Pavel Emelyanov xemul at parallels.com
Thu Oct 15 02:27:53 PDT 2015


On 10/14/2015 09:54 PM, Tycho Andersen wrote:

>>> Warn  (cr-restore.c:1041): Set CLONE_PARENT | CLONE_NEWPID but it might cause restore problem,because not all kernels support such clone flags combinations!
>>> RTNETLINK answers: File exists
>>> RTNETLINK answers: File exists
>>> RTNETLINK answers: File exists
>>> RTNETLINK answers: File exists
>>>      1: Warn  (sk-unix.c:1229): sk unix: Can't unlink stale socket 0x36a8 peer 0 (name /run/systemd/notify dir -)
>>>      1: Warn  (sk-unix.c:1229): sk unix: Can't unlink stale socket 0x36aa peer 0 (name /run/systemd/private dir -)
>>>      1: Warn  (sk-unix.c:1229): sk unix: Can't unlink stale socket 0x36b4 peer 0 (name /run/systemd/shutdownd dir -)
>>>      1: Warn  (sk-unix.c:1229): sk unix: Can't unlink stale socket 0x36b6 peer 0 (name /run/systemd/journal/dev-log dir -)
>>>      1: Warn  (sk-unix.c:1229): sk unix: Can't unlink stale socket 0x36ba peer 0 (name /run/systemd/journal/stdout dir -)
>>>      1: Warn  (sk-unix.c:1229): sk unix: Can't unlink stale socket 0x36bc peer 0 (name /run/systemd/journal/socket dir -)
>>>      1: Warn  (sk-unix.c:1229): sk unix: Can't unlink stale socket 0x5bad peer 0x70ea (name /run/systemd/journal/stdout dir -)
>>>      1: Warn  (sk-unix.c:1229): sk unix: Can't unlink stale socket 0x6da7 peer 0x3788 (name /run/systemd/journal/stdout dir -)
>>>      1: Warn  (sk-unix.c:1229): sk unix: Can't unlink stale socket 0x6da6 peer 0x5f21 (name /run/systemd/journal/stdout dir -)
>>>      1: Warn  (sk-unix.c:1229): sk unix: Can't unlink stale socket 0x6da8 peer 0x784b (name /run/systemd/journal/stdout dir -)
>>>      1: Warn  (sk-unix.c:1229): sk unix: Can't unlink stale socket 0x6da9 peer 0x6b10 (name /run/systemd/journal/stdout dir -)
>>>      1: Warn  (sk-unix.c:1229): sk unix: Can't unlink stale socket 0x6daa peer 0x6159 (name /run/systemd/journal/stdout dir -)
>>>     68: Error (sk-packet.c:419): Can't bind packet socket: Invalid argument
>>> Error (cr-restore.c:1236): 3159 killed by signal 19
>>> Error (cr-restore.c:1236): 3159 killed by signal 19
>>> Error (cr-restore.c:1933): Restoring FAILED.
> 
> Here the real problem. bind() is failing, probably because the unlink
> above failed.
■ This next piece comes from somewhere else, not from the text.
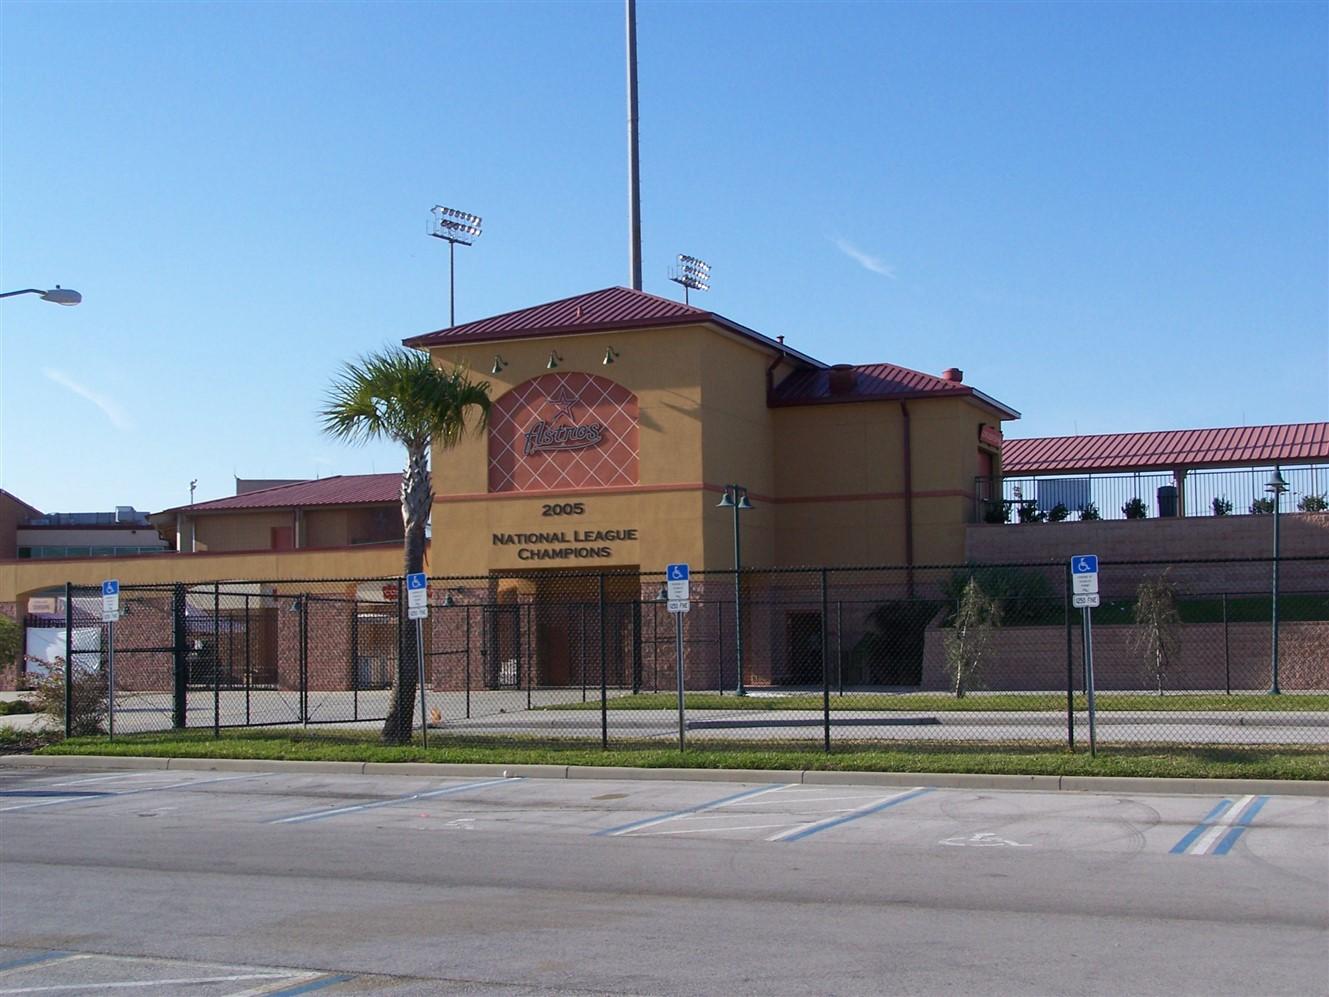 2007 03 06 Houston Astros Spring Training Site Kissimmee Florida 10.jpg

Unfortunately, we don't log the reason for the bind()
> failing, can you try with the attached patch?

The unlink failed with ENOENT, so there's no conflict for bind. Also note,
that we unlink unix socket, but bind the packet one :) so the conflict is
not only not there, but not possible at all ;)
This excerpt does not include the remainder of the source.